В перебаламученной памяти вдруг появился третий. А почему вдруг Коротков? Я — Браун! Или нет, я — Анхель Родригес, хайдийский партизан. Я работал в порту, был профсоюзником и меня застрелила полиция… Идиотизм! Не может быть. Я жив. У меня все в порядке. Я прилетел с Марселой. Она моя сестренка, и наша мама живет в Оклахоме. Погоди, это выходит, я спал со своей сестрой? Святая Мадонна, я же коммунист, этого делать нельзя! А разве коммунисты верят в Бога? По-моему, я католик. Моя бабка по материнской линии настояла на этом. Тьфу, ерунда какая! Бога нет и быть не может, потому что космонавты слетали на небо и все проверили. Это я помню с детдома. Правда, иногда мне казалось, что это не так, но, хрен его знает, лучше помалкивать. А то еще прицепятся, я ж в ВЛКСМ записан… А где билет? У меня его бундесы забрали. И военный билет забрали. Зачем? Какая разница…

Я то начинал думать по-русски, то сбивался на английский или на испанский с хайдийским акцентом.

Но все же, кто была Киска? Что там стряслось на этом чертовом самолете? Перстеньки! Перстеньки! Чертовы перстеньки с минусом и плюсом. Что-то замкнулось, и Киска сделала что-то такое, что уничтожило самолет. Зачем? Для чего?

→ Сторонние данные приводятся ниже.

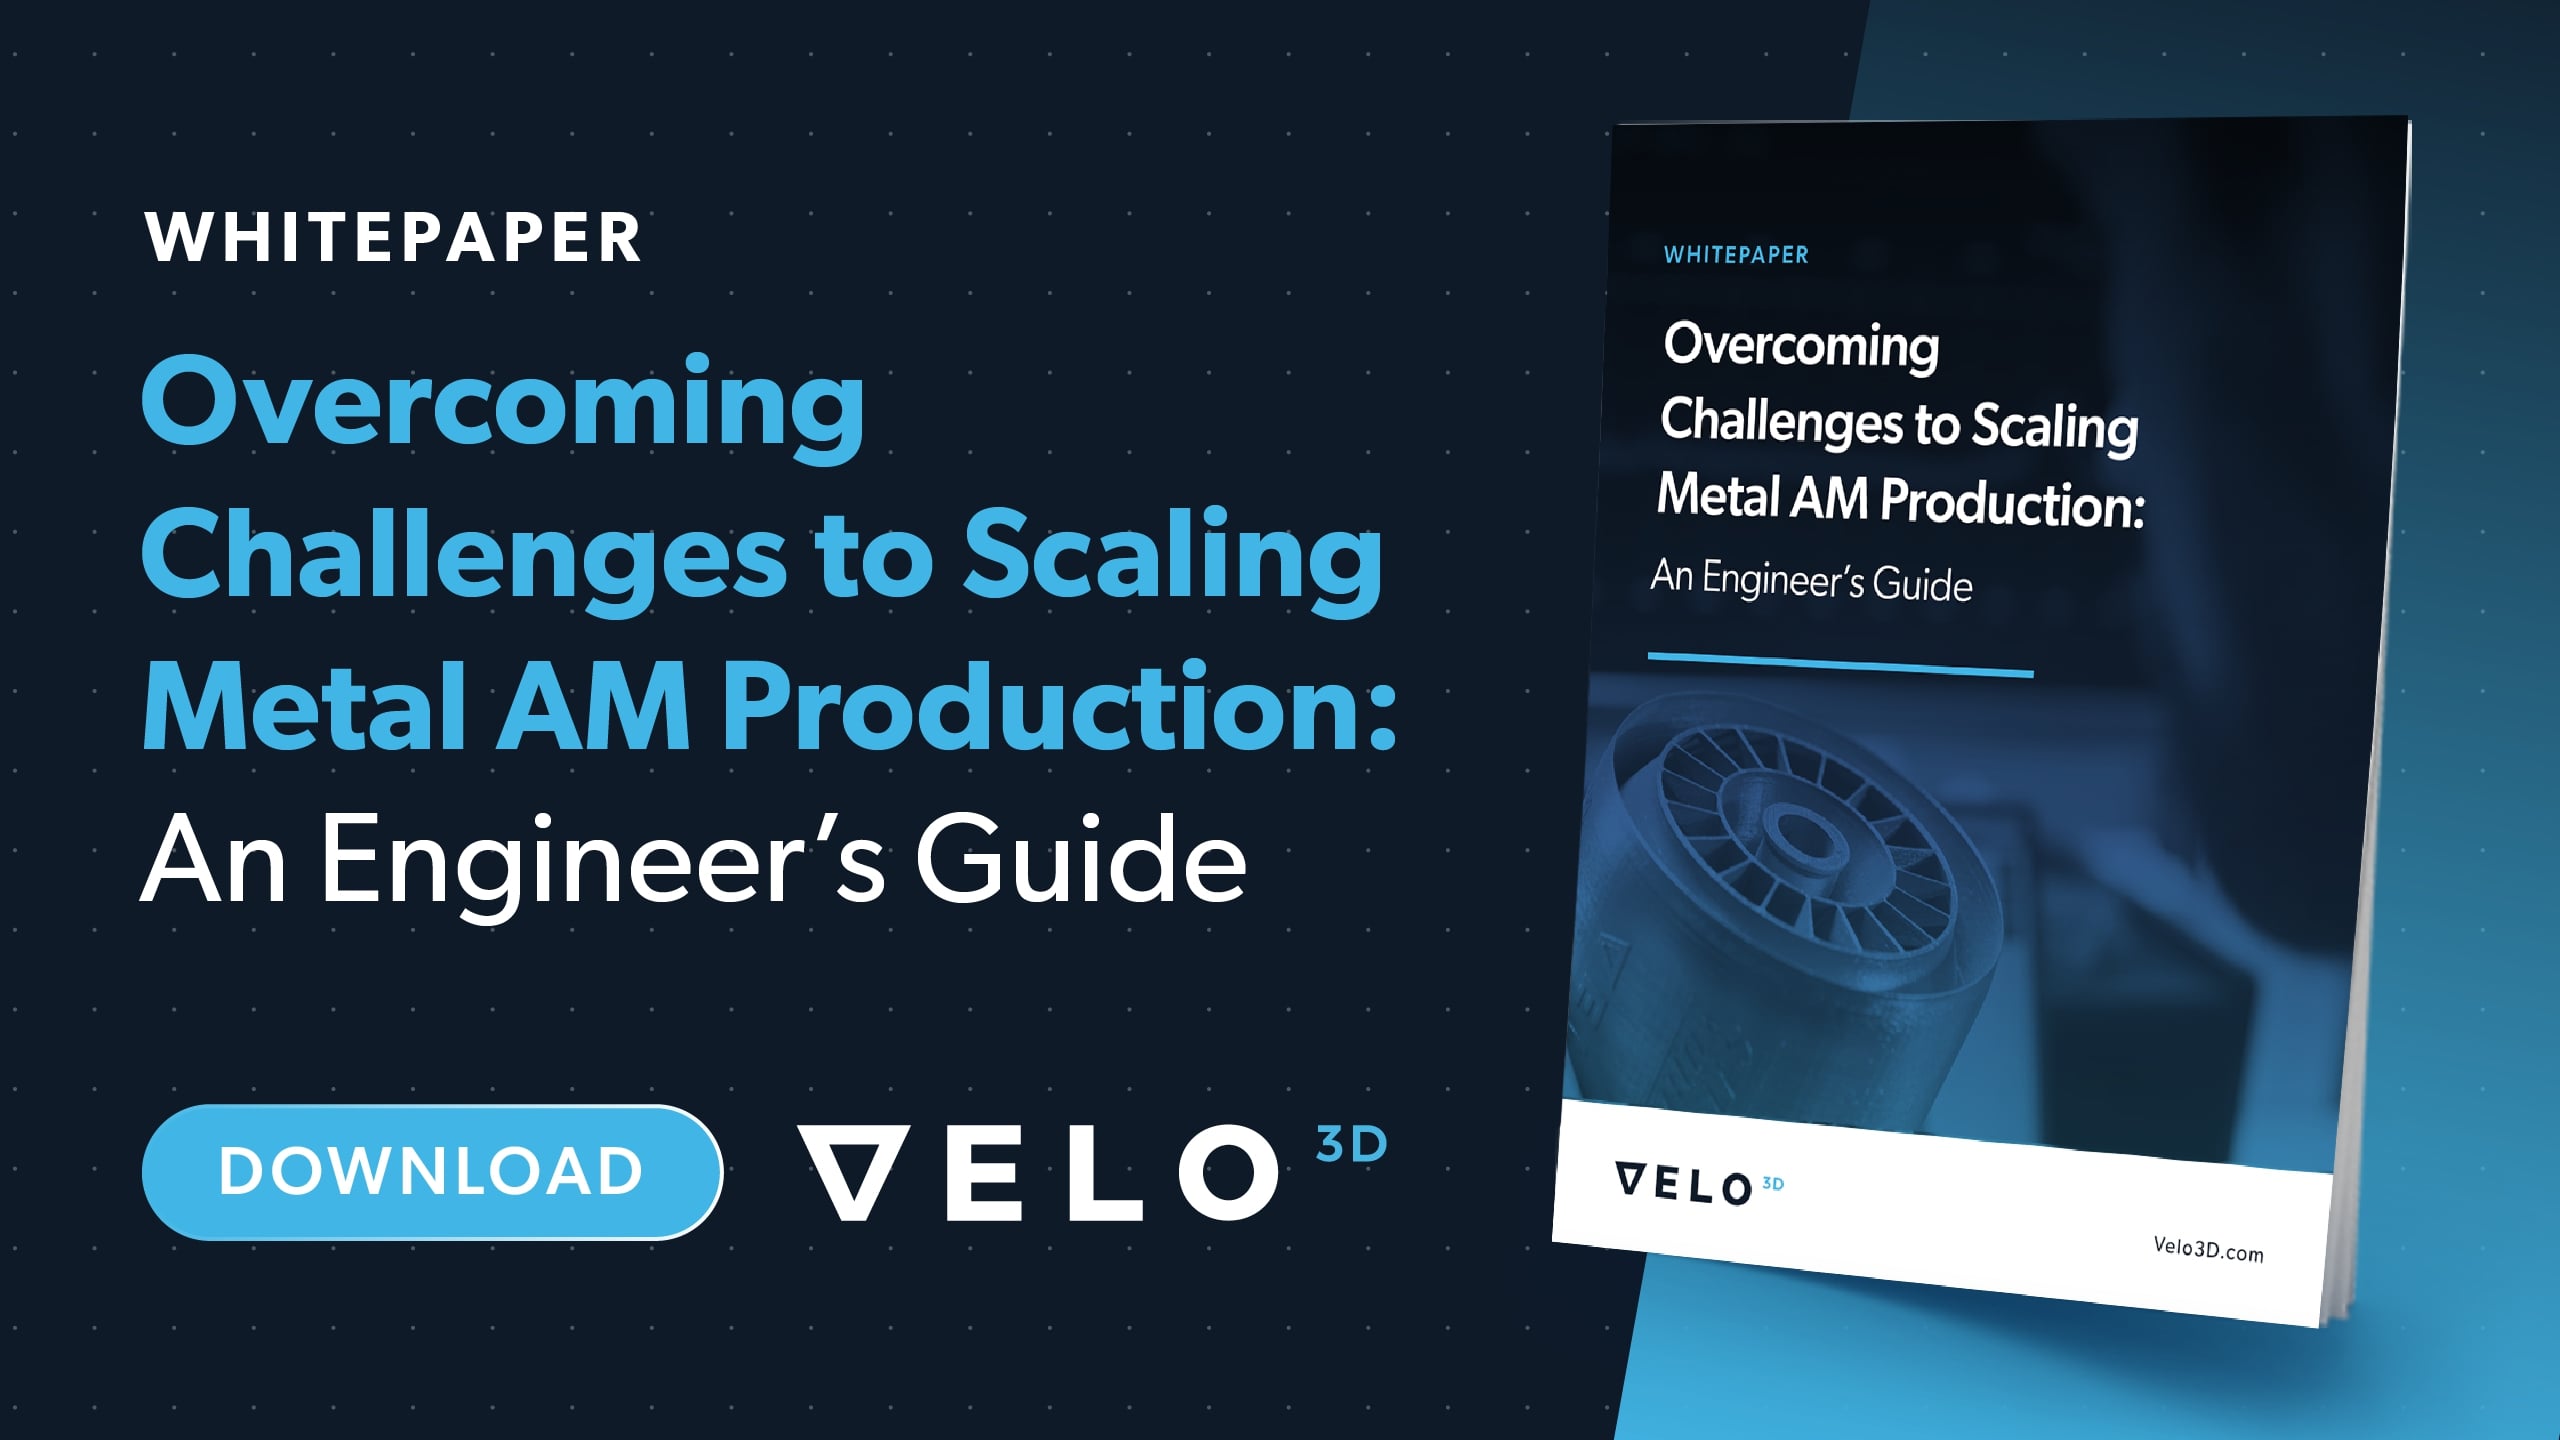 Overcoming Challenges to Scaling Metal AM Production: An Engineer’s Guide

Я опять полетел вниз без парашюта. Проклятый Свинг не дотянулся! Я не влез в лямку, до нее было четыре фута. Меньше полутора метров. Я разбился! Насмерть? Нет, жил какое-то время. Они вытащили из моей башки все, что там находилось, и всунули в голову этого русского сопляка. А я — мертвец! Меня нет вообще. Ричард Стенли Браун числится покойничком… Ахинея! Это он, он разбился, а я — живой. Я Анхель Родригес, я спрыгнул на Хайди с тысячи футов и нормально приземлился. Капитан, Комисcap, Малыш, Пушка, Камикадзе, Киска — все они погибли, а я — остался. Я — жив. При чем здесь Коротков? Откуда он вообще тут, в Америке? Его в Германию служить отправляли. Он же в Германии был! В Гэдээрии! Да, случайно залез к бундесам. Они его забрали. Но не в Америку же его увезли? А я тут родился, в Сан-Исидро, на Боливаро-норте. От порта — два шага, Я даже помню, по каким улицам надо было идти на работу. Правда, почему-то только по фотографиям, А может быть, это Короткова обучали легенде Родригеса? Ведь Родригес — труп. Его команданте Киска в поминание записала. По радио объявляла…

Цепочки рвались, но потом вновь соединялись, склеивались, сшивались, опять рвались. Анхель Родригес, Ричард Браун, Капрал, Николай Коротков. Все или не все? Кто из них был мужем Соледад, кто мужем Элизабет Стил? Почему не было свадьбы? Как фамилия Капитана? Может, это он? Нет, не то…

Потом опять стало темно. Исчезло время. Я — кто бы я ни был — перестал существовать. Прошлое, настоящее, будущее — все исчезло. Возможно, все могло исчезнуть навсегда.

Но настал миг, когда вдруг опять всплыли из тьмы образы и картинки. Это было еще беспамятство, точнее полузабытье. На сей раз все это оборвалось не очередным погружением в темноту, а возвращением к свету.

Глаза открылись. Я увидел больничную палату, капельницу, экраны каких-то приборов. И еще девушку в белой шапочке, в платье в бело-голубую полоску и крахмальном переднике. Над дверью на электронных часах светились зеленоватые цифры: 11.56.

— Мистер Браун, — спросила медсестра, — вам что-нибудь нужно?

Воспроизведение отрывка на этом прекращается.